------ SOURCE MATERIAL
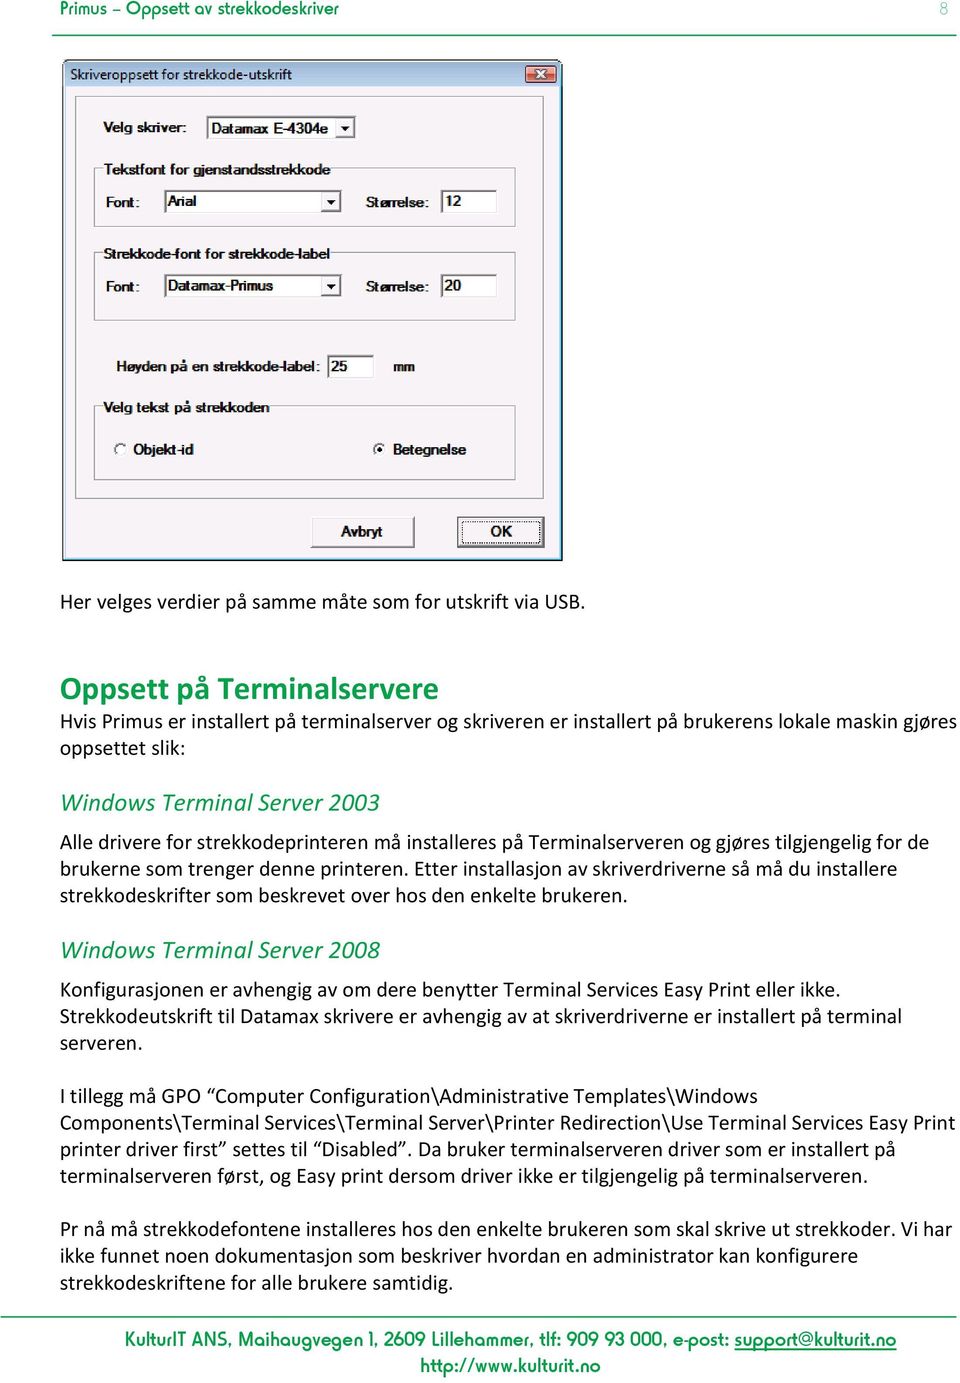 strekkodeprinteren må installeres på Terminalserveren og gjøres tilgjengelig for de brukerne som trenger denne printeren.
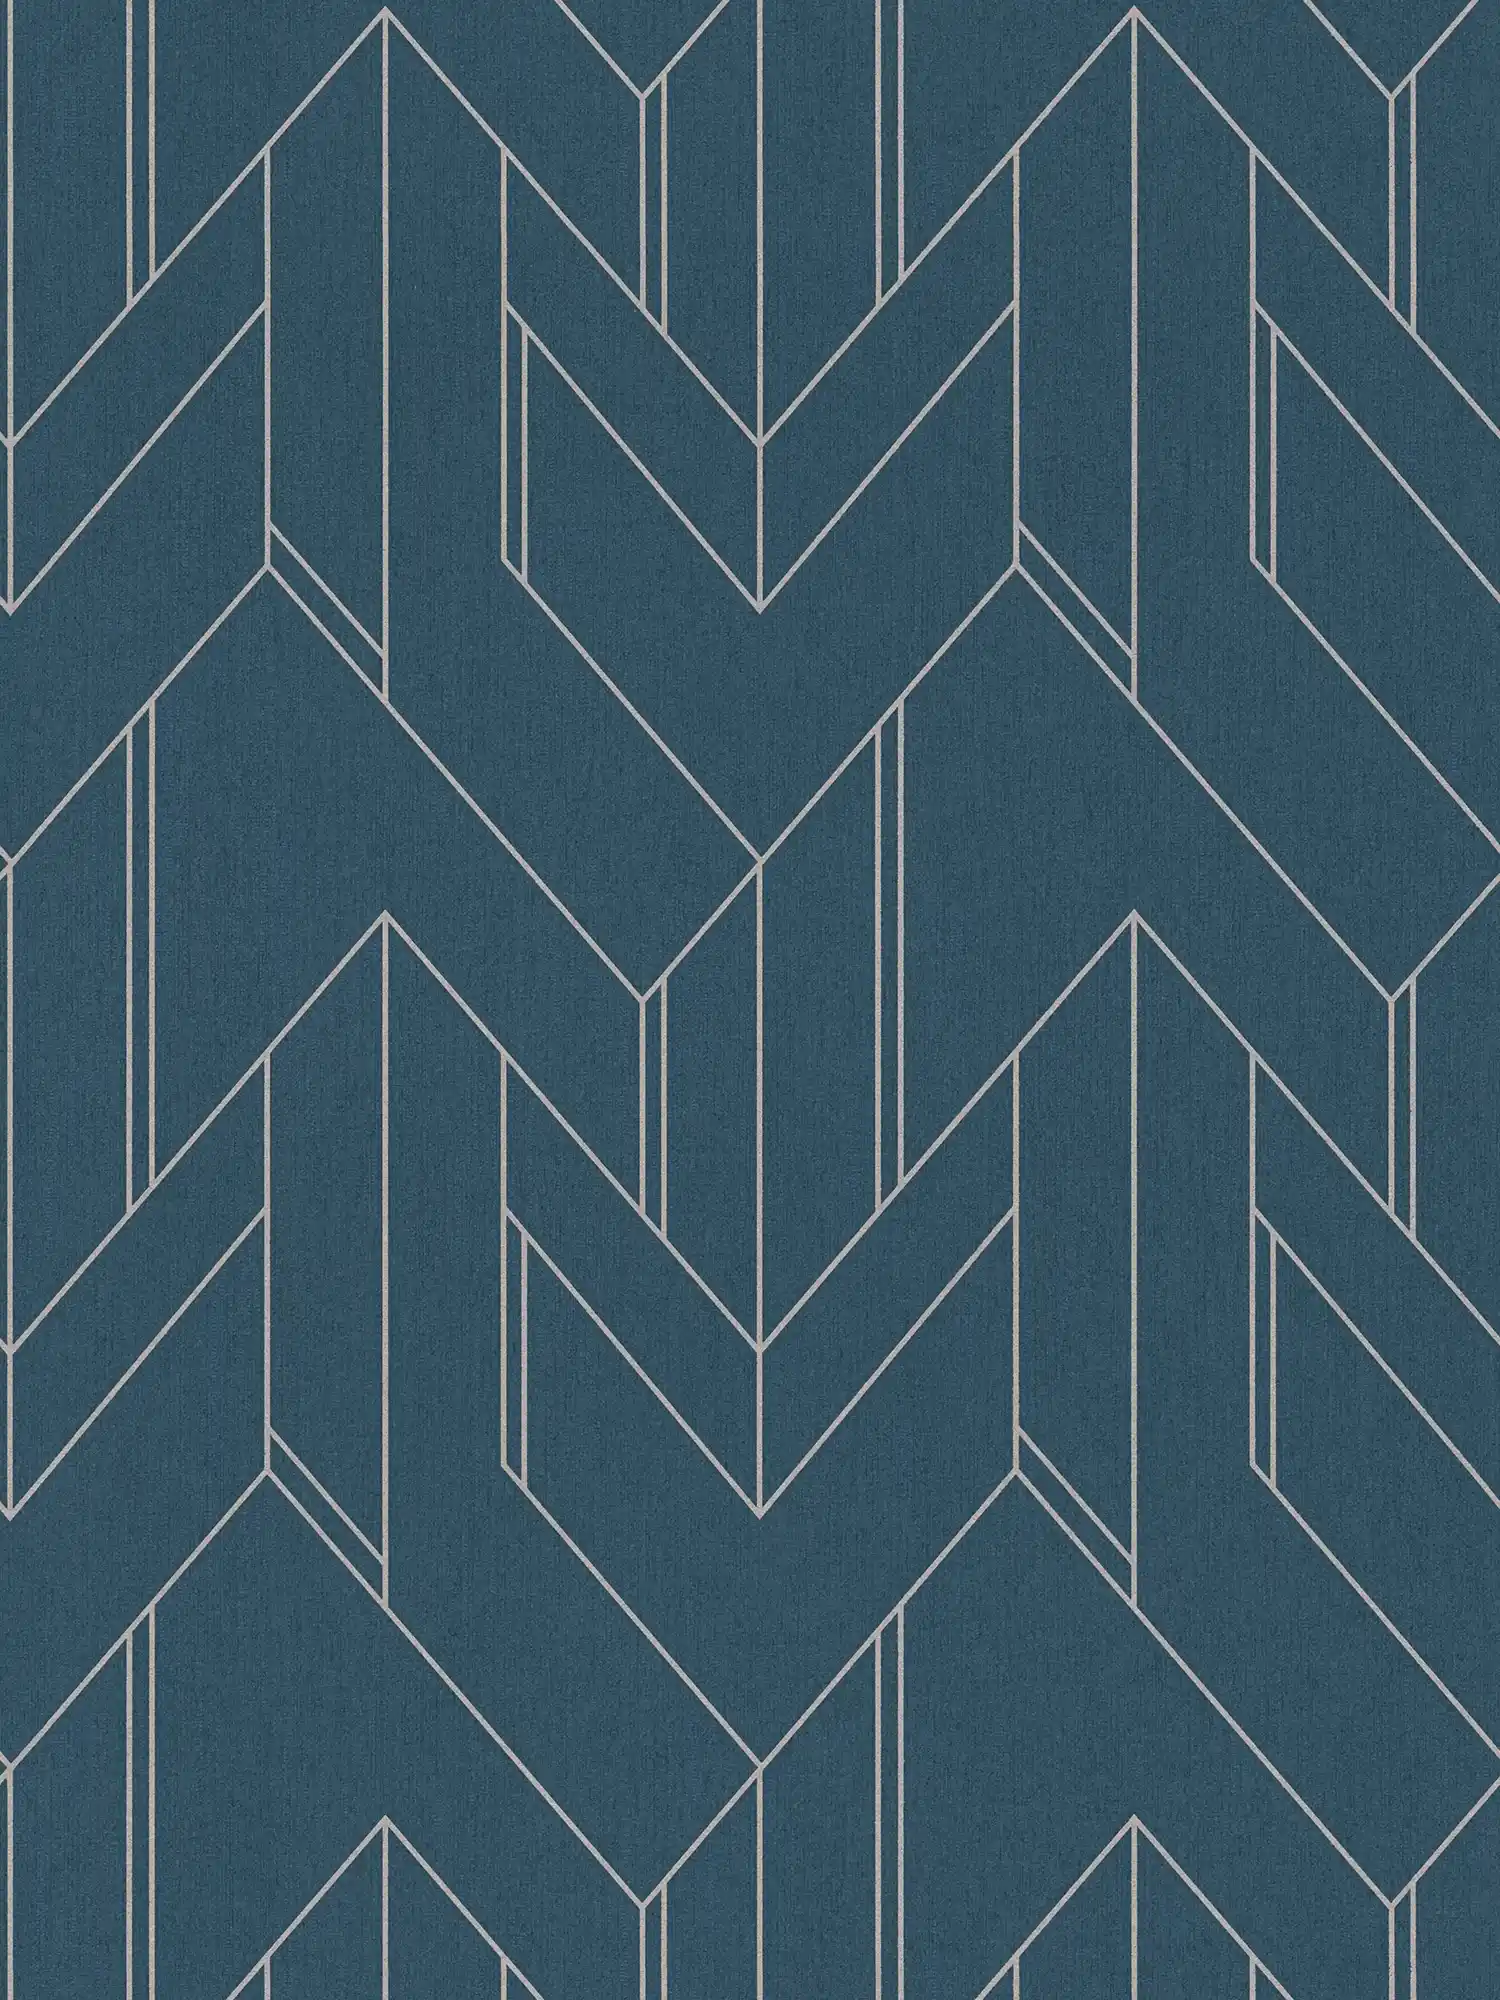 Donkerblauw behang met zilver grafisch patroon & glanzend effect - Blauw, Metallic
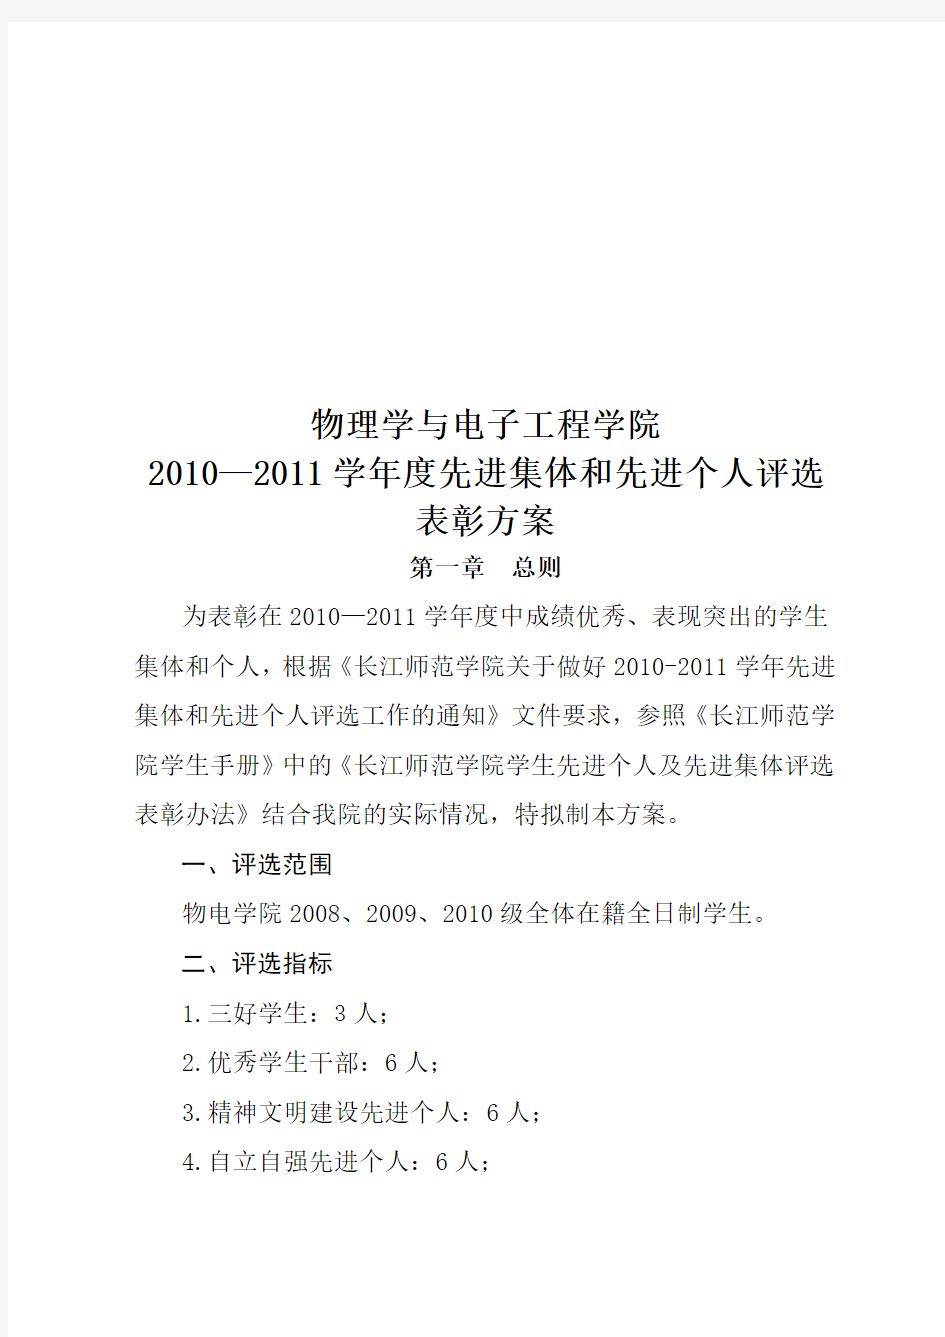 长江师范学院2010—2011学年度先进集体和先进个人评选评优方案
------------
▸ **WHAT THE TASK REQUIRES**: Print the material again, unchanged, without its pictures.

▸ **REPLY**:
 strekkodeprinteren må installeres på Terminalserveren og gjøres tilgjengelig for de brukerne som trenger denne printeren.
 Donkerblauw behang met zilver grafisch patroon & glanzend effect - Blauw, Metallic
 长江师范学院2010—2011学年度先进集体和先进个人评选评优方案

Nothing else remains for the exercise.